[Source data]

- - - -

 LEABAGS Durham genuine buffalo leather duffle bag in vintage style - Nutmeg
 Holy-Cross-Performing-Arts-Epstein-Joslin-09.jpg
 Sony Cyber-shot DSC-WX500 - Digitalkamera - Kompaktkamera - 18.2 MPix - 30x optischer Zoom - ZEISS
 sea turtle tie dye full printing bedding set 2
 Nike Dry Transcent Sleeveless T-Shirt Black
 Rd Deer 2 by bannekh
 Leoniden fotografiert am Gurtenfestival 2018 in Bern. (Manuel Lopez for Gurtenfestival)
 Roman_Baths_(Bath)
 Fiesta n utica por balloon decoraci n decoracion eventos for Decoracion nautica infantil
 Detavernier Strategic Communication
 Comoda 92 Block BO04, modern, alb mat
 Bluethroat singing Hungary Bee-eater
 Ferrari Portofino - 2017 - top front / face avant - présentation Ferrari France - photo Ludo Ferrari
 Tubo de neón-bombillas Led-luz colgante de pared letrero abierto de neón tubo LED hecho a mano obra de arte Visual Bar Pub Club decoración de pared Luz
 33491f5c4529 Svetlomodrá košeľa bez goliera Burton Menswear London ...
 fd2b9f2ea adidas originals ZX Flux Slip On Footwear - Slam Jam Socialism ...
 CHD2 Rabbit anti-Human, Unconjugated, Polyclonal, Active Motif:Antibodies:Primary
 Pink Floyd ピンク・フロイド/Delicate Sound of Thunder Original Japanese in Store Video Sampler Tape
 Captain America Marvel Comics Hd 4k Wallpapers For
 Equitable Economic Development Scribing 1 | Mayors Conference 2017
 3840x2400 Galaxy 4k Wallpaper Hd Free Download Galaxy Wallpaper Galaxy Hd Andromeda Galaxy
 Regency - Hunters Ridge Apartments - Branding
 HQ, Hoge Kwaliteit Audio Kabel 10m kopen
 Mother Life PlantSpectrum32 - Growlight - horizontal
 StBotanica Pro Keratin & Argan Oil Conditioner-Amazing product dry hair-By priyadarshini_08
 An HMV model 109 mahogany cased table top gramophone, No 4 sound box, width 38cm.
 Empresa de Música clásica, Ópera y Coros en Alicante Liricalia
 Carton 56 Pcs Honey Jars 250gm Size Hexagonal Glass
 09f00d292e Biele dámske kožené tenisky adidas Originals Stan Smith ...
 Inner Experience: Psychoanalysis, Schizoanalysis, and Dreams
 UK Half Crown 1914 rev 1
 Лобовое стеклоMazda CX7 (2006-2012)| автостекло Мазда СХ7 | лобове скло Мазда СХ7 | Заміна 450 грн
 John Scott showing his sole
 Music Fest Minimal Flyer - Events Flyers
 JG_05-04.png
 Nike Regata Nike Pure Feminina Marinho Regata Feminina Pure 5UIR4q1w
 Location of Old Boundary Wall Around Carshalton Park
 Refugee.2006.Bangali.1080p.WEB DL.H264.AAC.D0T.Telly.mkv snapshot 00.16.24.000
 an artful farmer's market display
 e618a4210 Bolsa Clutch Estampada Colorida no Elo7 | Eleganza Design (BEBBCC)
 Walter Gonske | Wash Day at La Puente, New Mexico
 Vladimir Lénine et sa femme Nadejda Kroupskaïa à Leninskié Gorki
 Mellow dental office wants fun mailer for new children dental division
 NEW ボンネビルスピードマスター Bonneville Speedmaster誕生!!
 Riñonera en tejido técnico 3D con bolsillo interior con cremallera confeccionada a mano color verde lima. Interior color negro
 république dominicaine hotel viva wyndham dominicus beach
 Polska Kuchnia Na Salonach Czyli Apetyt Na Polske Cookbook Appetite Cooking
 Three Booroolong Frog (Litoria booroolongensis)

- - - -

*Work request*:
All that is wanted is the stretch of lines above from the one containing "an artful farmer's market display" through the one containing "Mellow dental office", duplicated exactly.

*Exercise result*:
 an artful farmer's market display
 e618a4210 Bolsa Clutch Estampada Colorida no Elo7 | Eleganza Design (BEBBCC)
 Walter Gonske | Wash Day at La Puente, New Mexico
 Vladimir Lénine et sa femme Nadejda Kroupskaïa à Leninskié Gorki
 Mellow dental office wants fun mailer for new children dental division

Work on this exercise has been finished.